* [Problem statement] Set down, word for word, the line with "ErgoChair Junior" and the lines after it through the final line of the data below, without pictures.

* [Input data]
━━━━

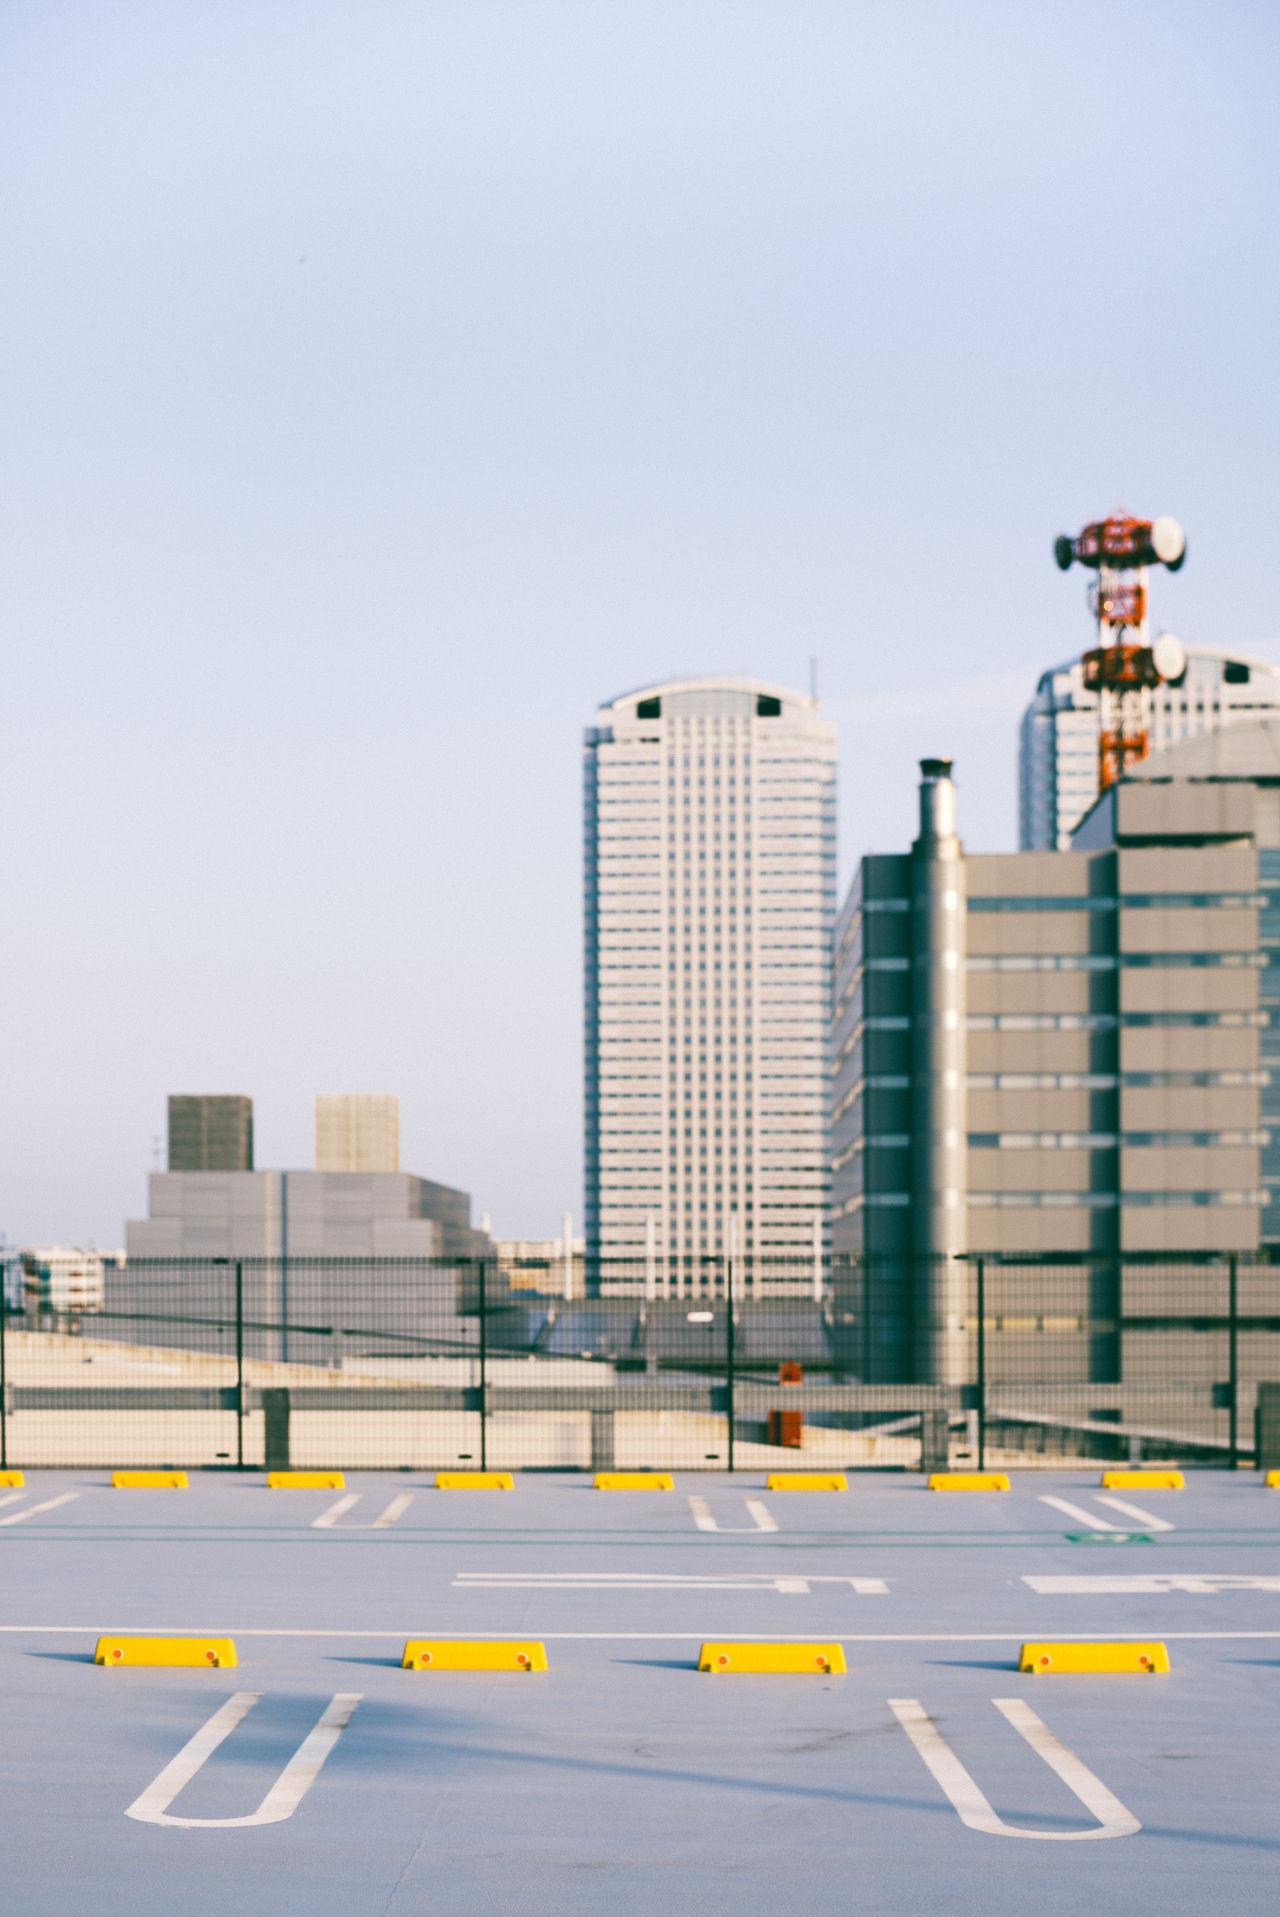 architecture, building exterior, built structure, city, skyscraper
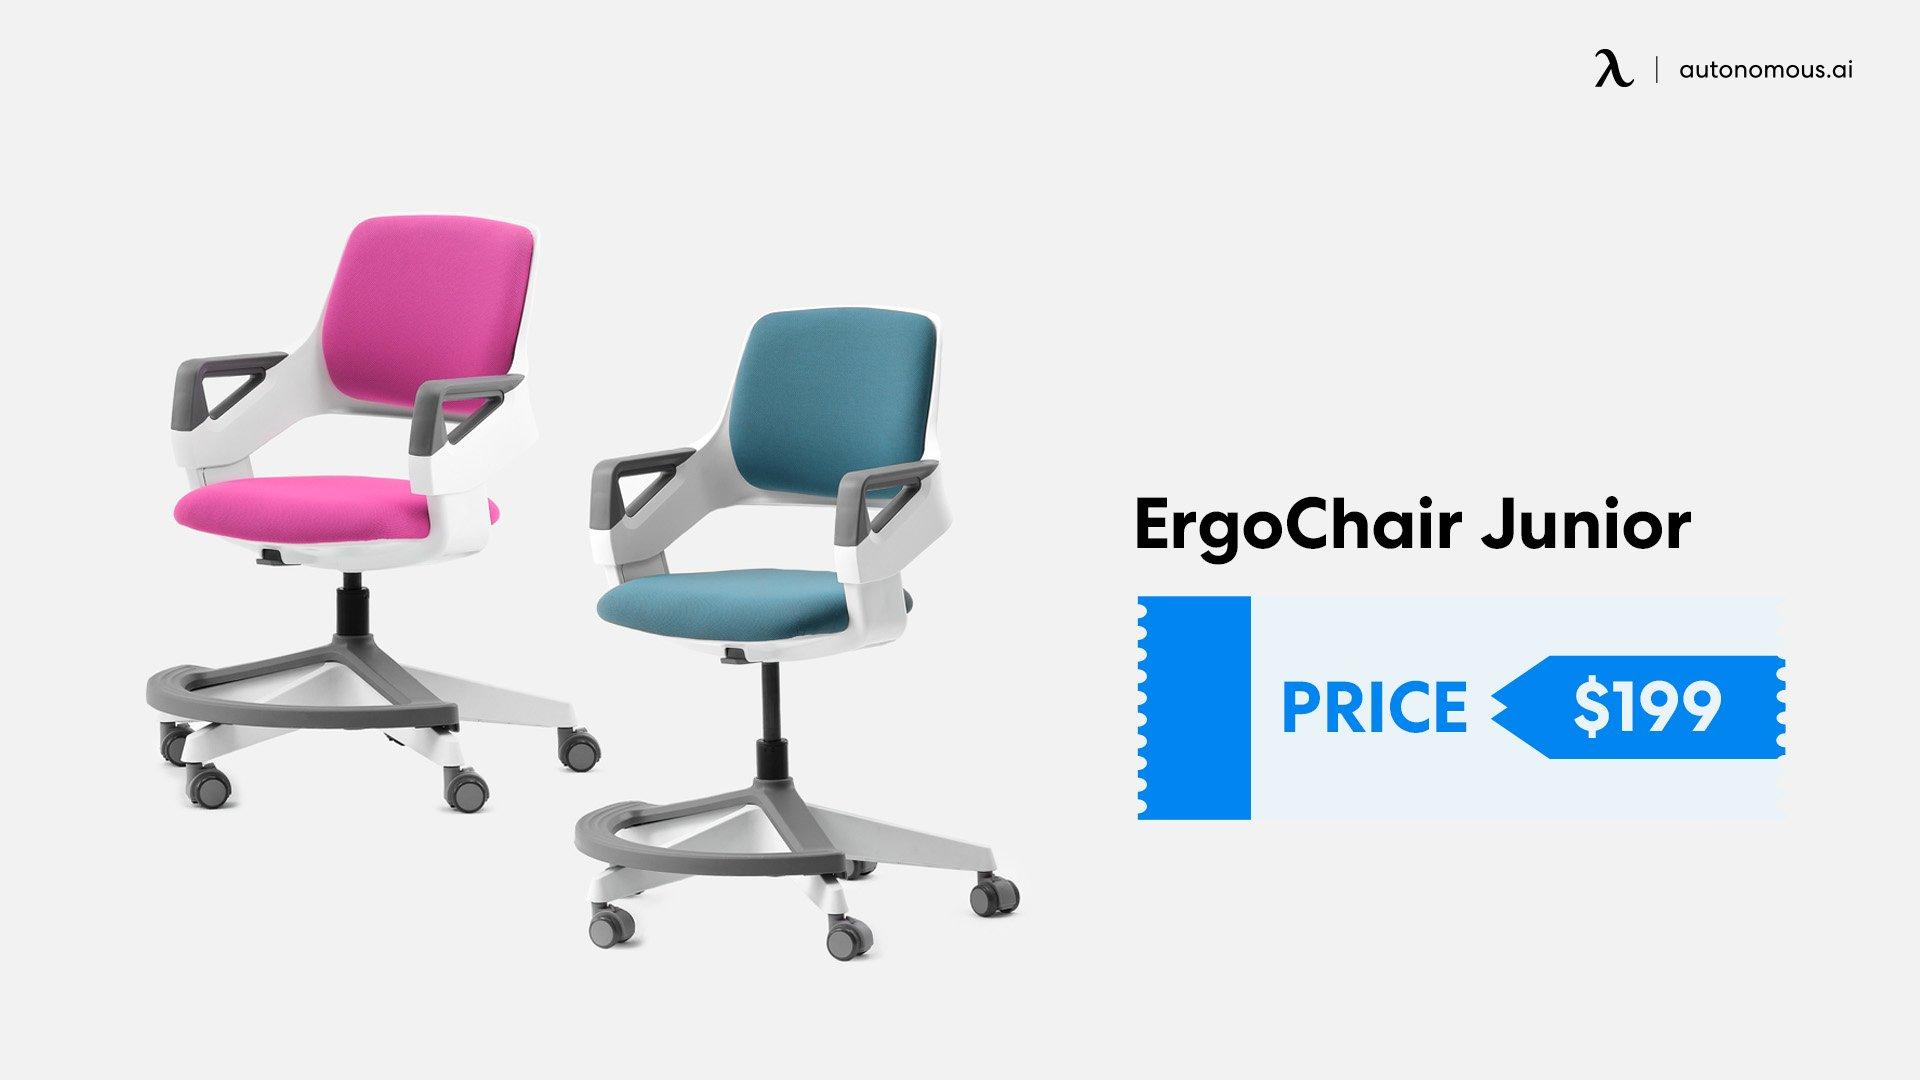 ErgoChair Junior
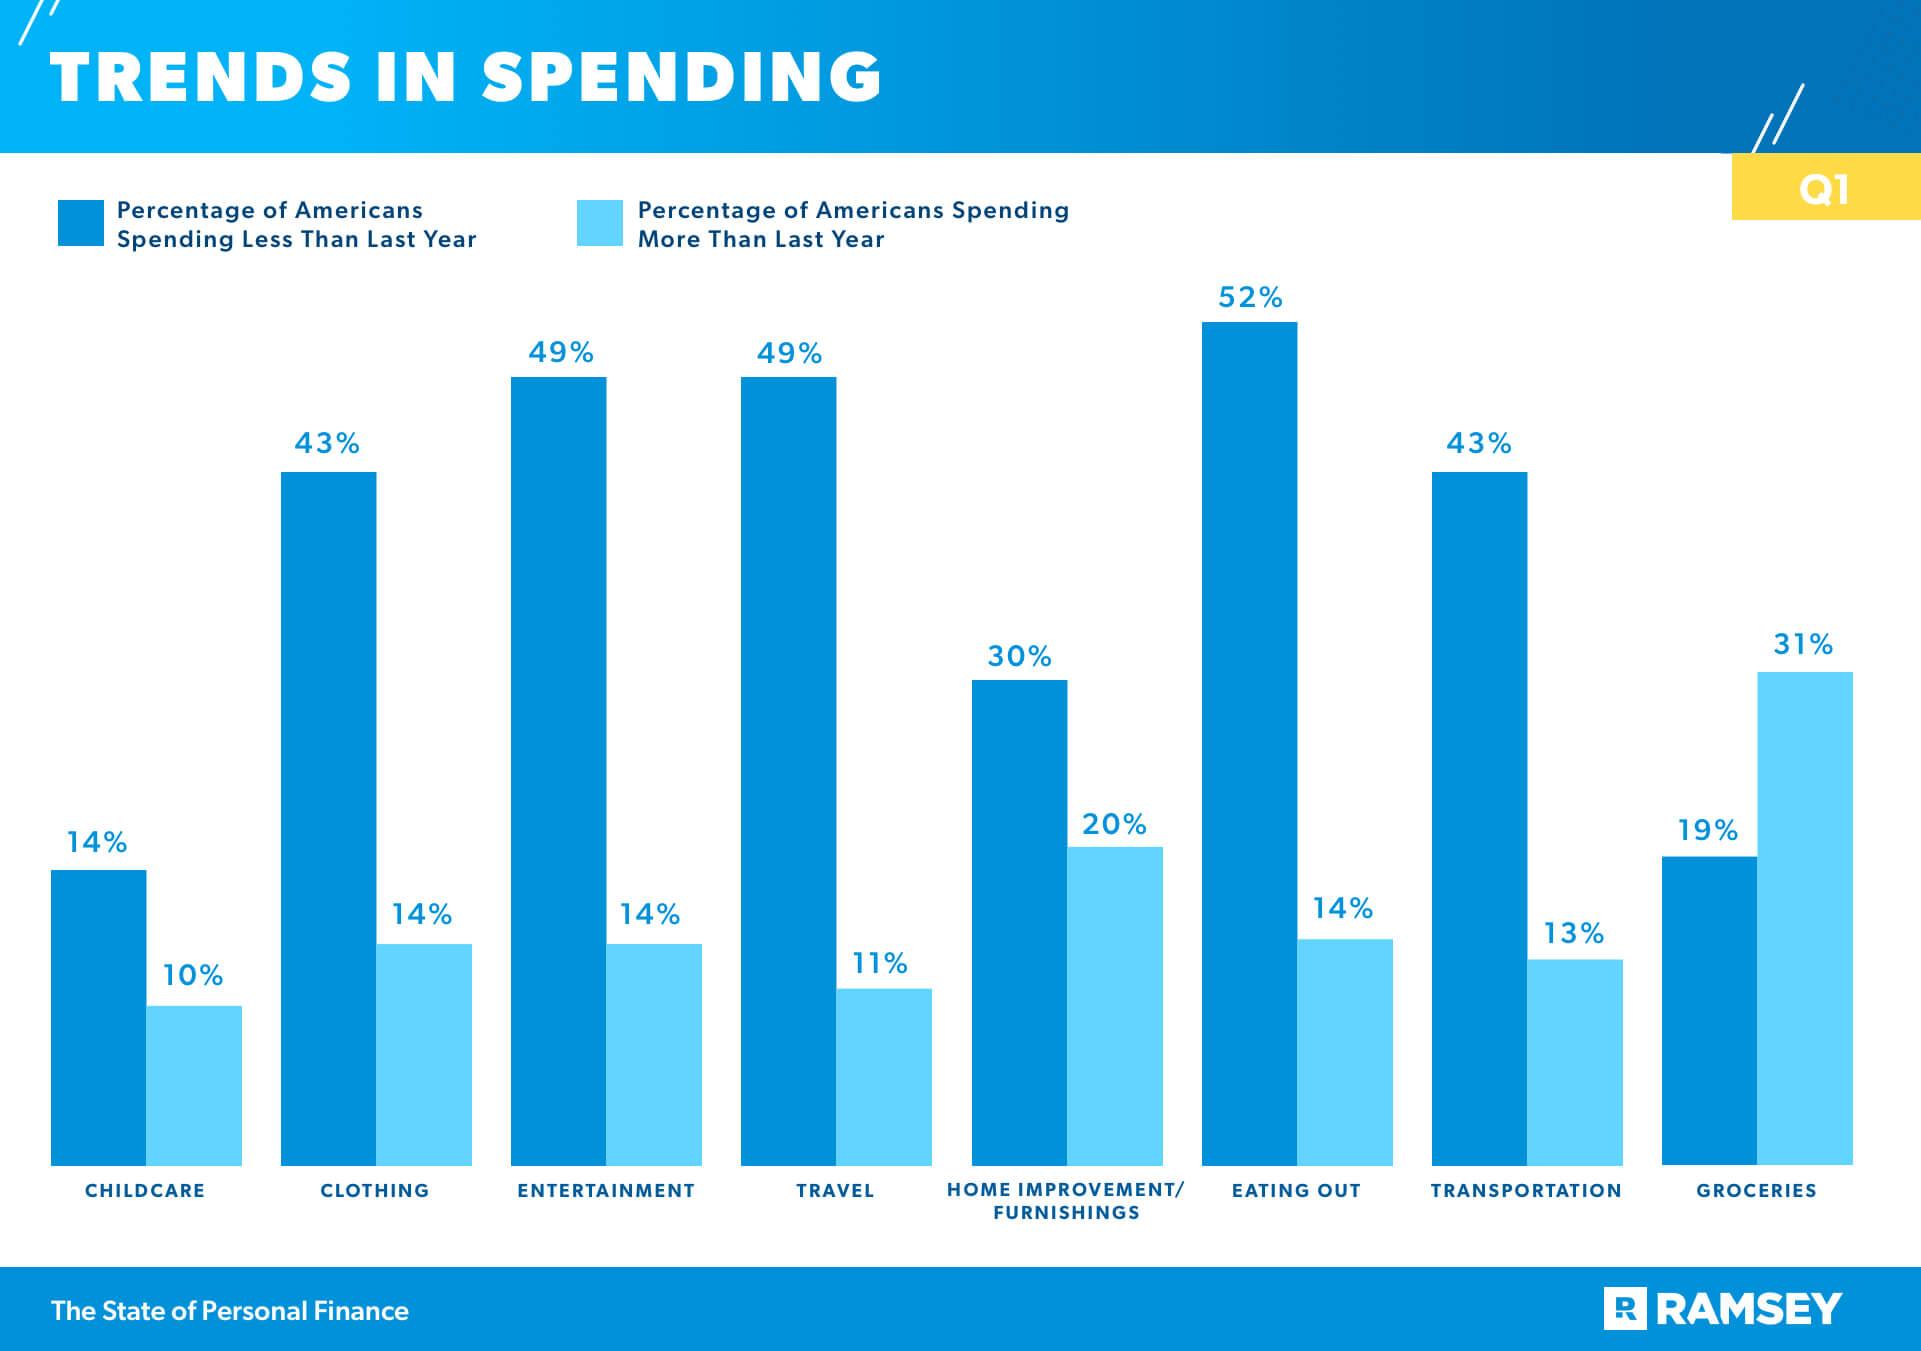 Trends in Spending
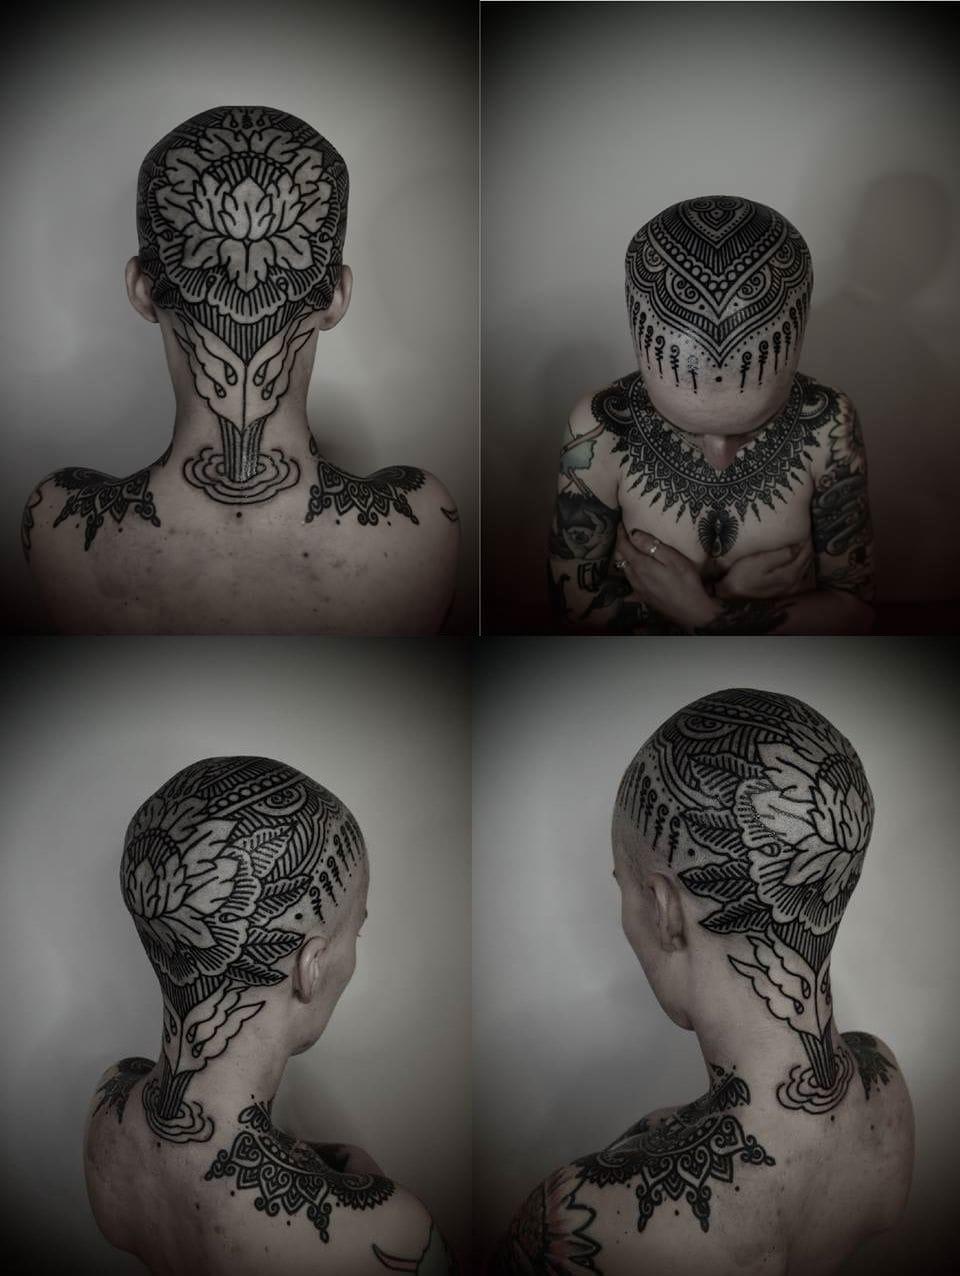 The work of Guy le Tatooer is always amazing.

━━━━

* [Solution for this exercise]
 ErgoChair Junior
 Trends in Spending
 The work of Guy le Tatooer is always amazing.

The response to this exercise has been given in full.